── Supplied material ──

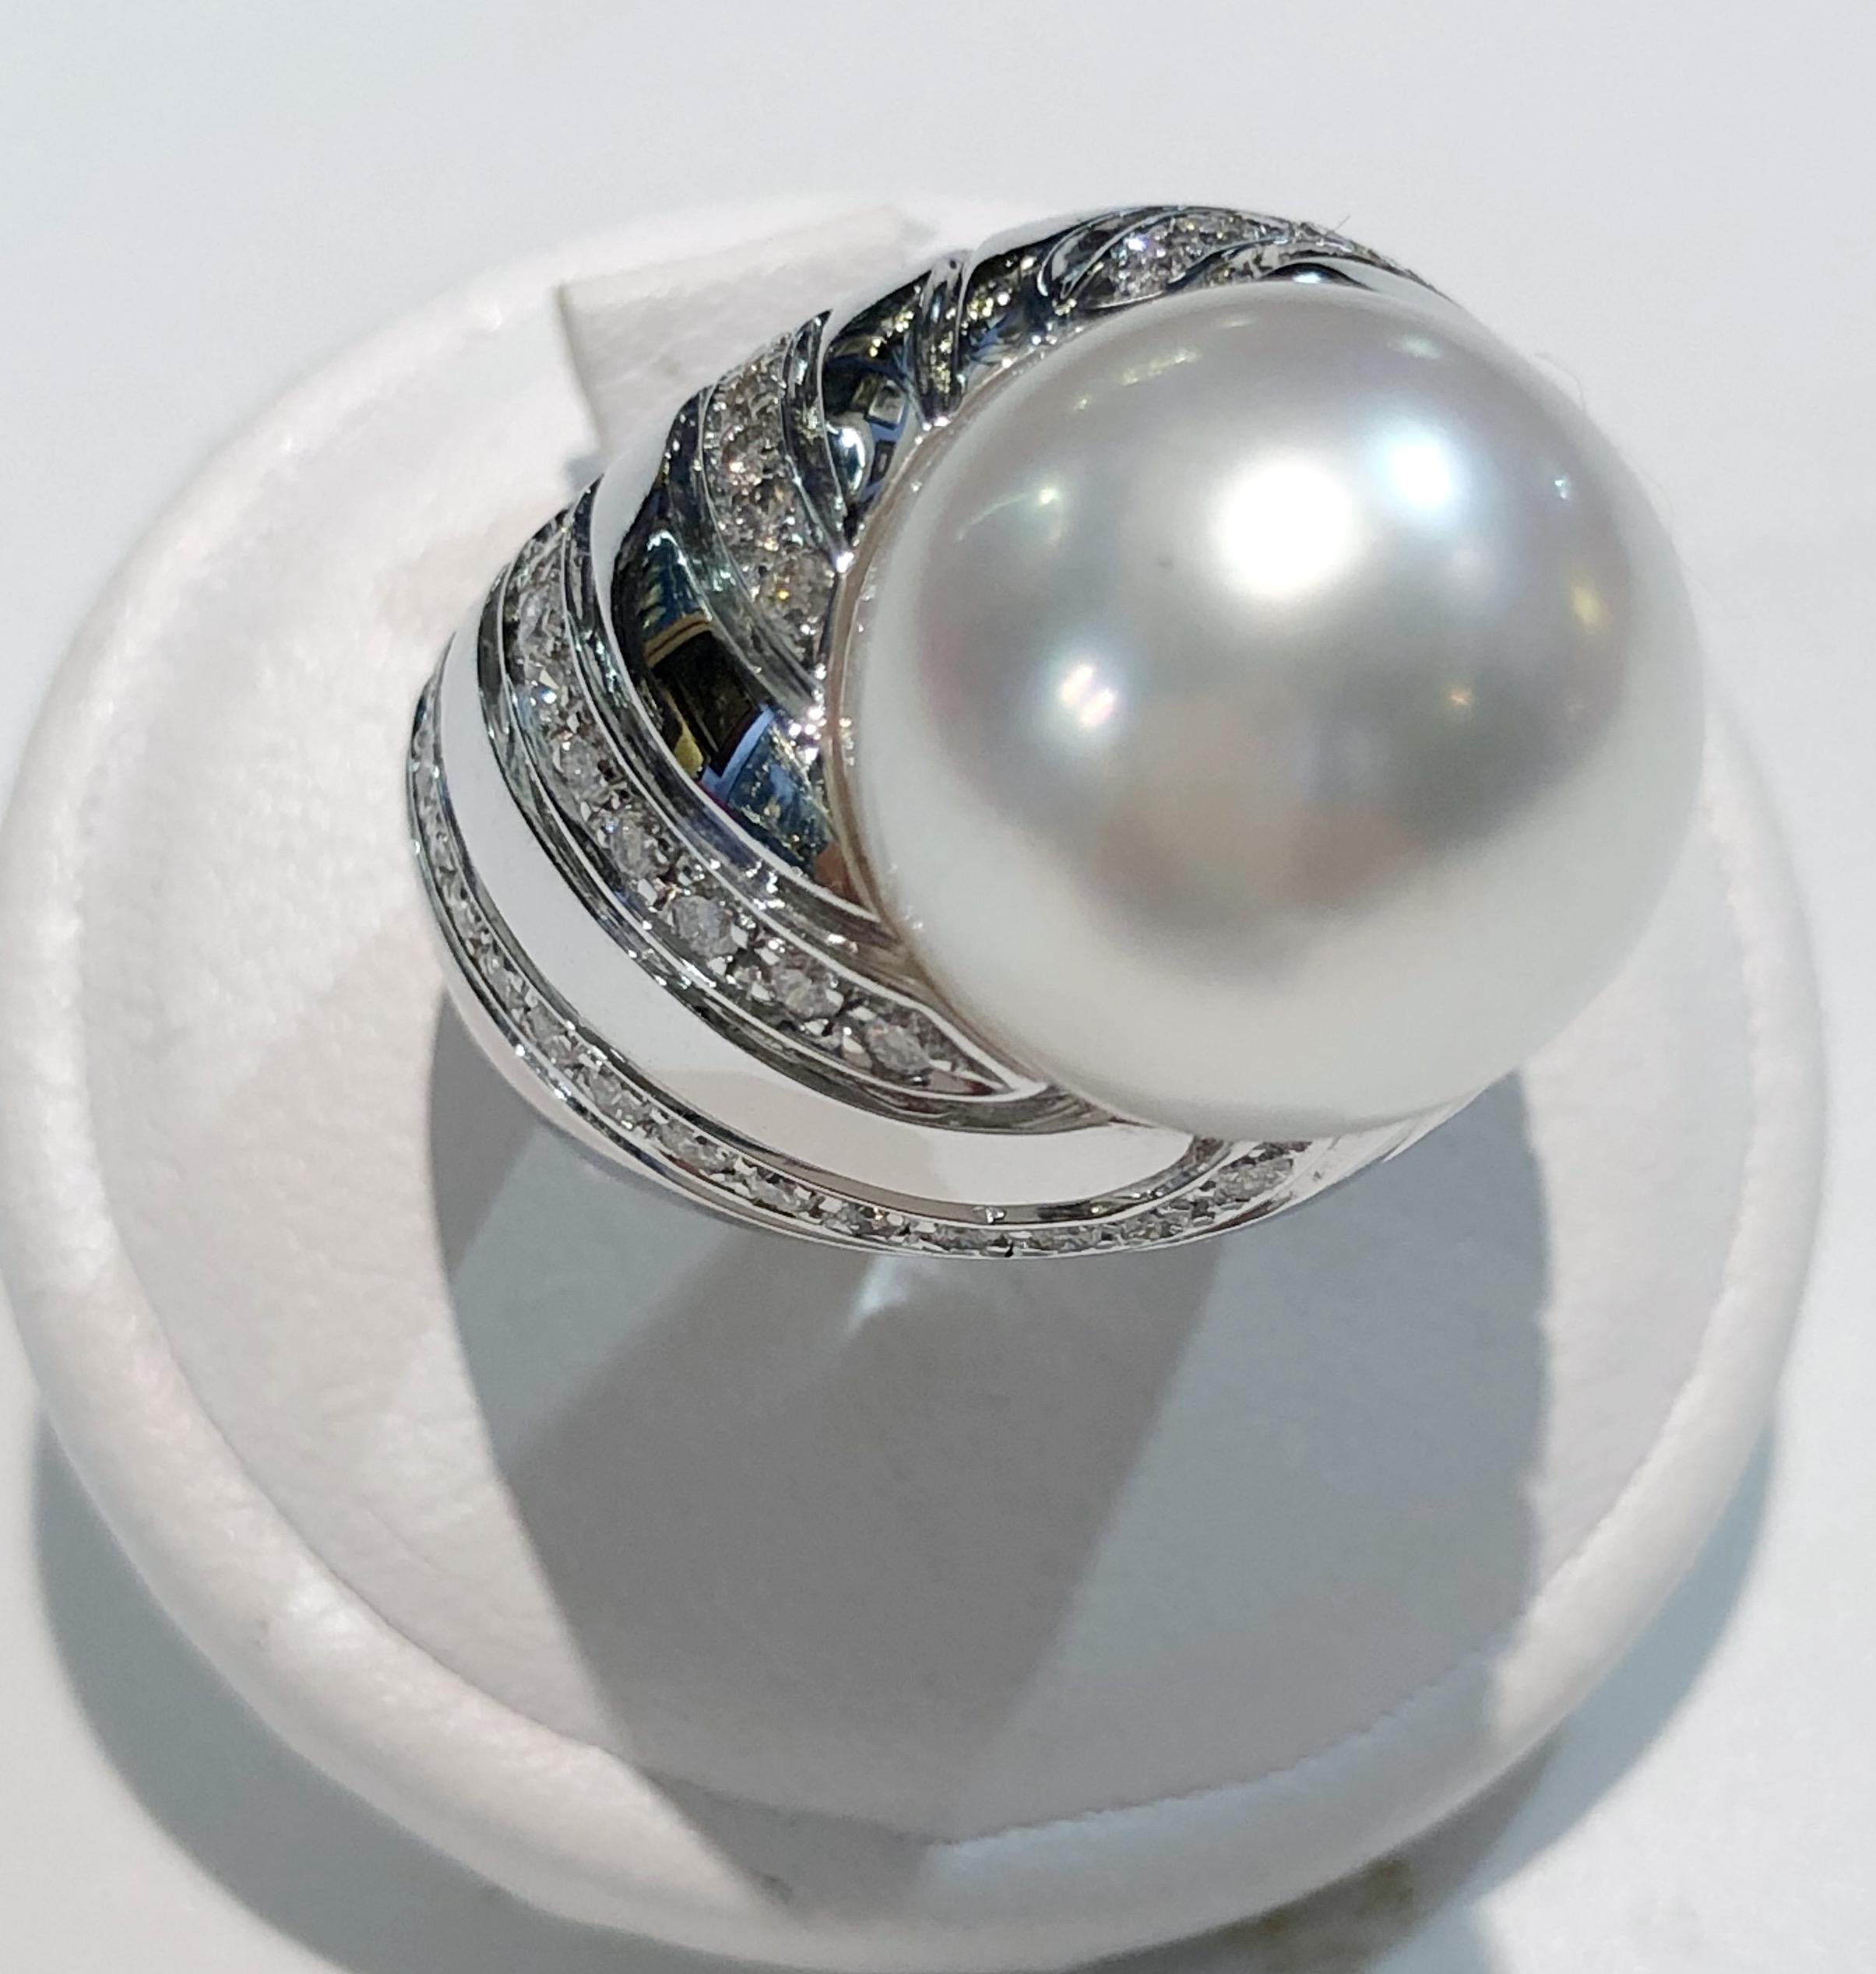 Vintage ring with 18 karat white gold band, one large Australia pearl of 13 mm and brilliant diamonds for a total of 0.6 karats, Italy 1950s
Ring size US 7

───
── Supplied material ──

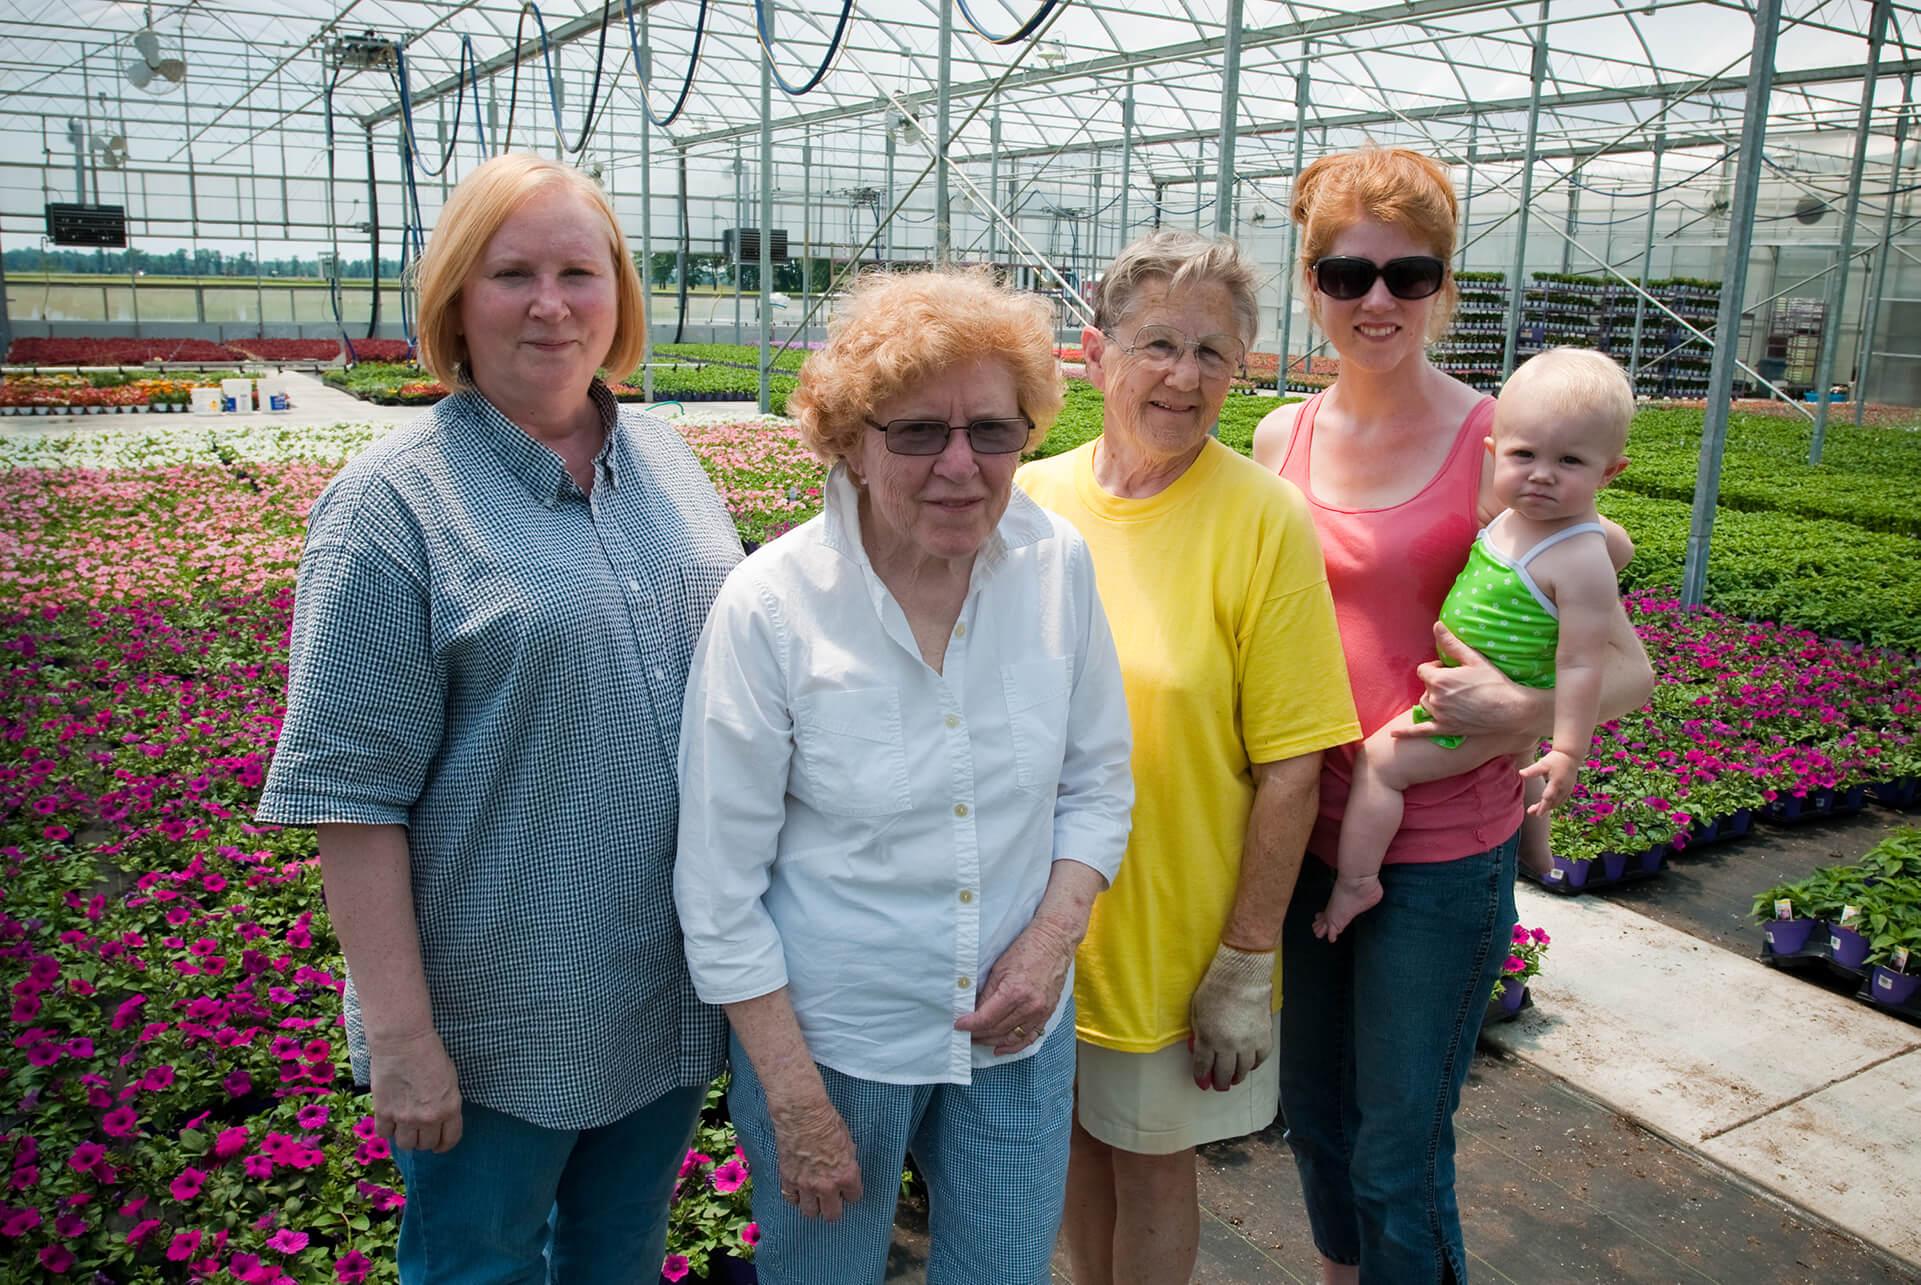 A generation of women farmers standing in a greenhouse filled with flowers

───

What you need to do. Your answer should be the exact lines above from the one containing "Vintage ring with" through the one containing "Ring size US 7", with both end lines kept and the pictures removed, please.

Answer box.
 Vintage ring with 18 karat white gold band, one large Australia pearl of 13 mm and brilliant diamonds for a total of 0.6 karats, Italy 1950s
Ring size US 7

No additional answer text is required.